In other words, the relationship between stakeholders and the evaluator is a relationship between a principal and an agent. This relationship can get out of sync and the interests of the evaluator can begin to diverge from the interests of (at least some) of the stakeholders, creating a classic principal-agent problem. In most cases, the evaluator is responsible with upholding the interests of many stakeholders, which makes this is multiple principle problem, which is special kind of principal-agent problem in which the agent is tasked with taking actions on behalf of multiple stakeholders. One popular attempt to deny that this is a problem is utilization-focused evaluation, which hold that evaluators are only only beholden to one principal – the primary intended user. Rather than define it out of existence, I prefer to stare the problem in the face and think in terms of user networks.

As a result of the multiple principal problem, the principal-agent relationship that sets the stage for a good evaluation is fragile. Disturbances can undermine it easily, sending the system on a journey towards one of the pseudoevaluation attractors.

This distinction may be important, I think, because thinking of pseudoevaluation as a type of evaluation means that it is a fixed type of evaluation. We either are or are not doing a pseudoevaluation, and once we admiit that we are doing one, it’s conceptually difficult to imagine fixing the problem. If we think of pseudoevaluation as an attractor, there may be actions we can take to push its trajectory back towards a different state and it is easier to imagine fixing an evaluation that has gone pseudo.

How do we avoid faking it?

When evaluators participate in pseudoevaluations, they promote injustice, mislead decision-making, and discredit the profession. How do we avoid this situation?

The first step is, of course, prevention. To prevent PR-inspired evaluation, watch out for intense pressure to go against best practices and your own professional standards to change survey instruments or interview questions. One red flag that I have learned to look for are stakeholders who get openly angry about the development of a research instrument. Provided you haven’t done anything really weird, anyone who yells and stamps their feet about a survey question is engaging a theatrical performance to put political pressure on you. Being desperate to please and conflict averse will make you a bad evaluator, and more generally, open to manipulation. To prevent politically controlled evaluations, start planning for the sharing of results early in the study, before results are collected. Get a list of right-to-know parties and include them in meeting invitations as the evaluation goes along. Don’t create easy opportunities for stakeholders to get cut out of the process. If possible, disseminate results yourself instead of relying on stakeholders to do their own dissemination.

If you find yourself in a situation in which certain political forces are already conspiring to push things towards pseudoevaluation, it’s time to take a step back and strategize.

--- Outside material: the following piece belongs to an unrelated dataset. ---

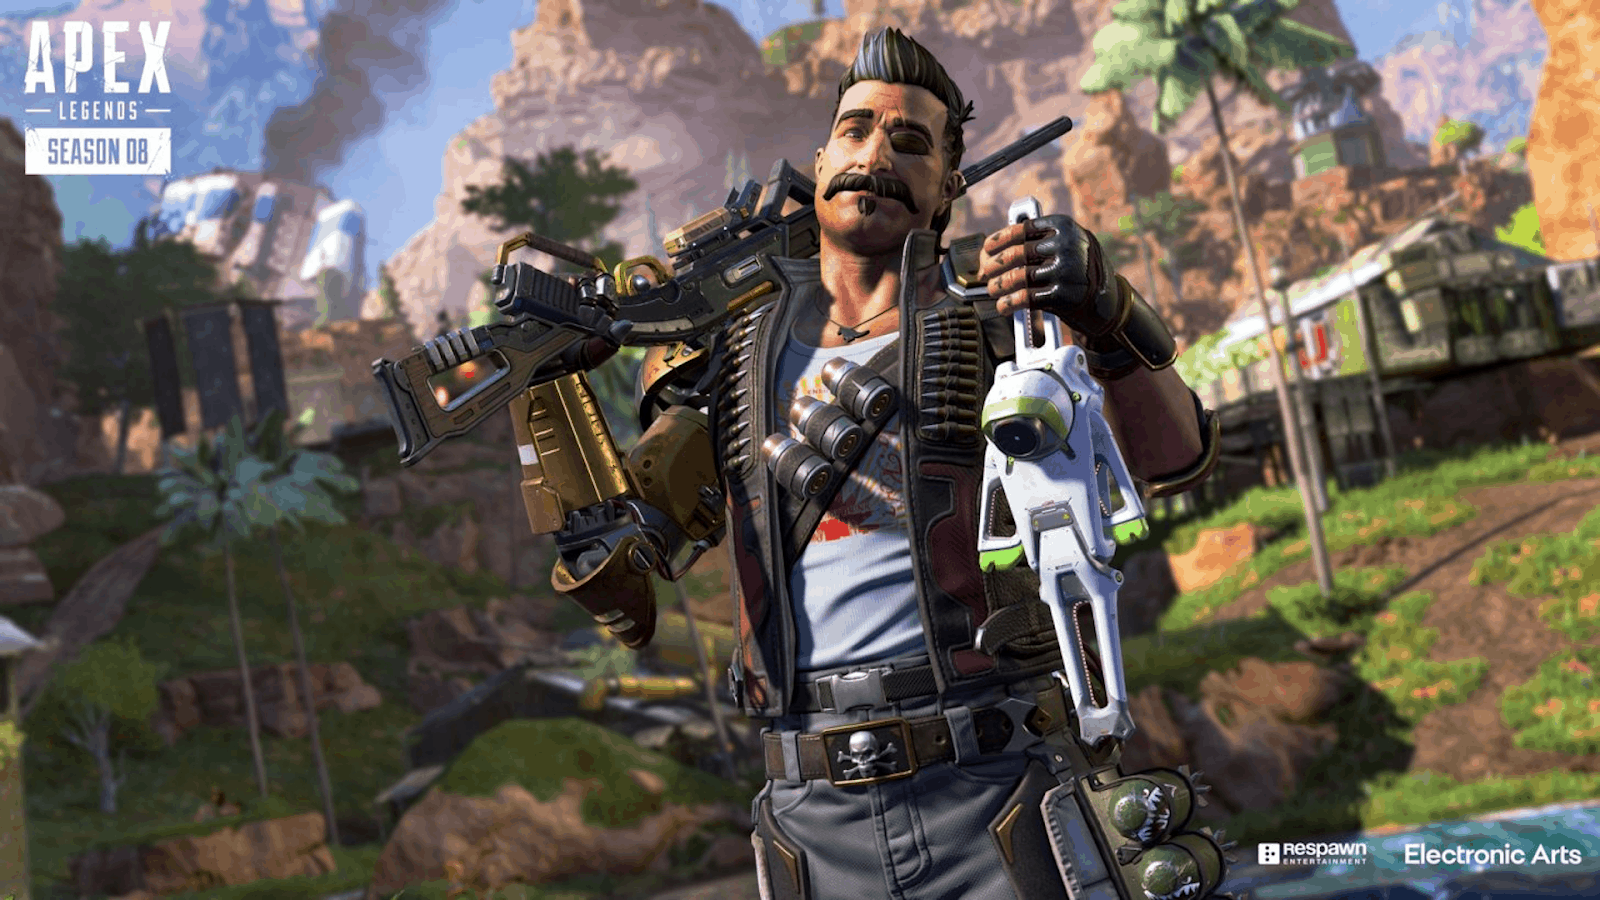 Apex Legends’ Players Call Out for ‘No Apex August’ Strike Amidst Game’s Broken State

Do not go with the flow. If you see the evaluation moving toward a PR-inspired inspired evaluation, it may be time to do more education about the fundamentals of evaluation with stakeholders. Return to what they really want to know and why this is important to them. Explain that biasing the data will waste their time and resources. Play through some positive scenarios that can happen if they do evaluation right. If you see the evaluation moving towards a politically-controlled attractor state, start talking explicitly about the situation with stakeholders. Point out the benefits of involving right-to-know parties and the high chances that they will find out about the results anyway, sooner or later.

If it is too late for all of this, you may need to leave the evaluation. While this will probably cost you money in the short term, putting your name to a pseudoevaluation will cost you in credibility and self-respect in the long term. Talking to evaluators with longer careers than mine, I’ve heard several harrowing stories of uncovering fraud and major mismanagement – none of these evaluators expressed any regret about doing the right thing and walking away. Unfortunately, however, individual acts of conscience will not be enough to get us out of the of pseudoevaluation problem.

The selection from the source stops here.